Compatiblity also doesnt work  !!! 
bout game is ok but wat bout my pacenet broadband ??? 

hope sum1 finds ans to my broadband issues


----------



## koolbluez (Aug 18, 2007)

*Re: 20 Reasons why vista $ucks!!*

Already runnin sw/games in compatibility mode... that WoW64 layer takes care of that... that too runs default in my system...

All 32-bit applications are separately mentioned in the CtrlAltDelete Process panel .


----------



## entrana (Aug 18, 2007)

*Re: 20 Reasons why vista $ucks!!*

look guys i read somewhere dont really wanna support piracy but
pirated vista is better because
cracked vista:
1. infinite installations
2. new hardware changes would not affect anything
3. FASTER 
and stuff dont know the source forgot but this is what i read so i think for the first time i think pirated wud actually better so it wud be like windows genuine disadvantage


----------



## assasin (Aug 19, 2007)

*Re: 20 Reasons why vista $ucks!!*

^^^  1> Infinite installations of wat????
2>wat hardware change will not affect wat???
3>speed is same.


----------



## Desi-Tek.com (Aug 19, 2007)

*Re: 20 Reasons why vista $ucks!!*

vista sucks
os x sucks
linux sucks
sun solaris sucks

xp is addictive


----------



## shantanu (Aug 19, 2007)

*Re: 20 Reasons why vista $ucks!!*



			
				entrana said:
			
		

> look guys i read somewhere dont really wanna support piracy but
> pirated vista is better because
> cracked vista:
> 1. infinite installations
> ...


 
entrana did you start again.. means there was no positive effect on you with a weeks ban.. you need another one... ? just tell me.. how many times should i warn you..


----------



## vish786 (Aug 19, 2007)

*Re: 20 Reasons why vista $ucks!!*



			
				shantanu said:
			
		

> entrana did you start again.. means there was no positive effect on you with a weeks ban.. you need another one... ? just tell me.. how many times should i warn you..
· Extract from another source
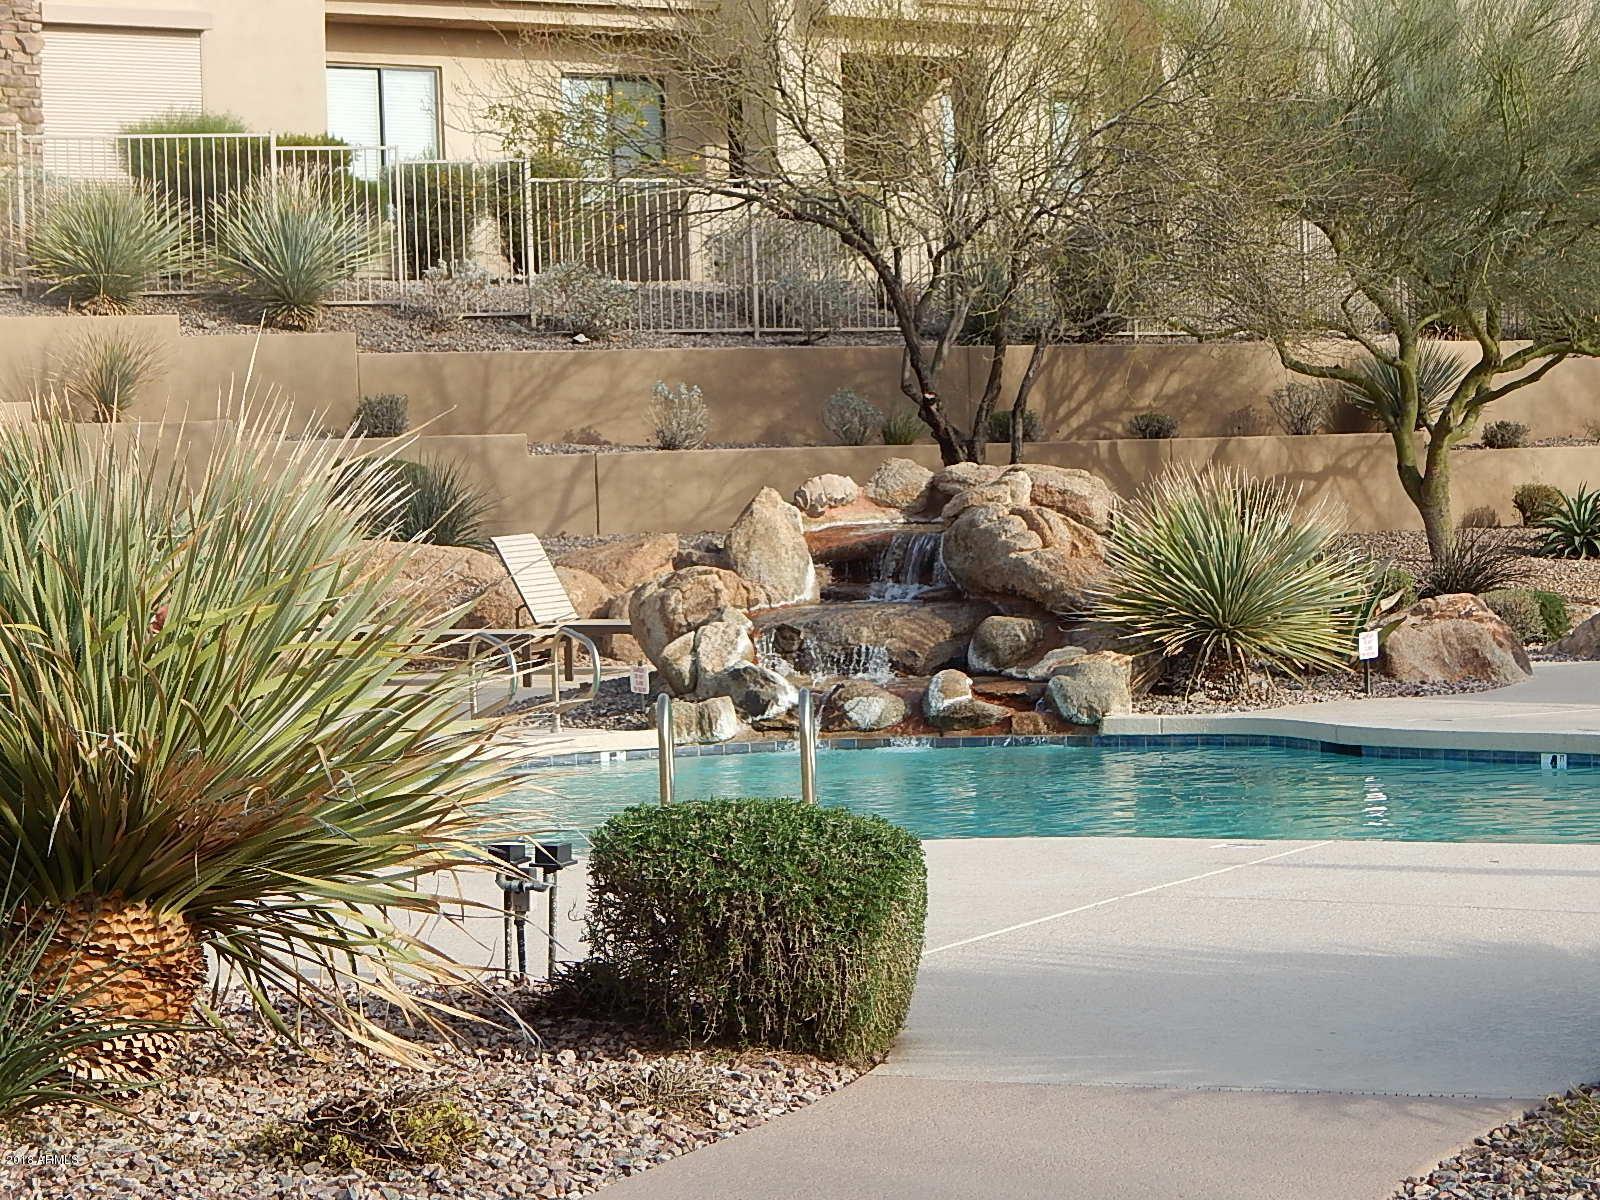 MLS 5814904 7445 E EAGLE CREST Drive Unit 1074, Mesa, AZ Mesa AZ Las Sendas Golf

shantanu, this guy is just 13 yrs old, tat is y he's not taking piracy and ur ban seriously.


----------



## shantanu (Aug 19, 2007)

*Re: 20 Reasons why vista $ucks!!*

@vish : i dont want a thread for this guy : but i already warned him a lot of times in past :

link 1

link 2

link 3

and this is what the great guy did  :

i am 13 year old

link 1  (spam advert)

Link 2

Link3

see this 

and this

Just read his attitude and langauge.. 

and i welcomed him back today in a thread,..


----------



## Choto Cheeta (Aug 19, 2007)

*Re: 20 Reasons why vista $ucks!!*

I am really not suppose to make a comment but I am making one...

@vish786

I dont get you... Whether he is 13 or 31... He is a forum member who is suppose to follow Forum Rules... he was warned many times by out mods, but no change so earned one Ban for 7 days...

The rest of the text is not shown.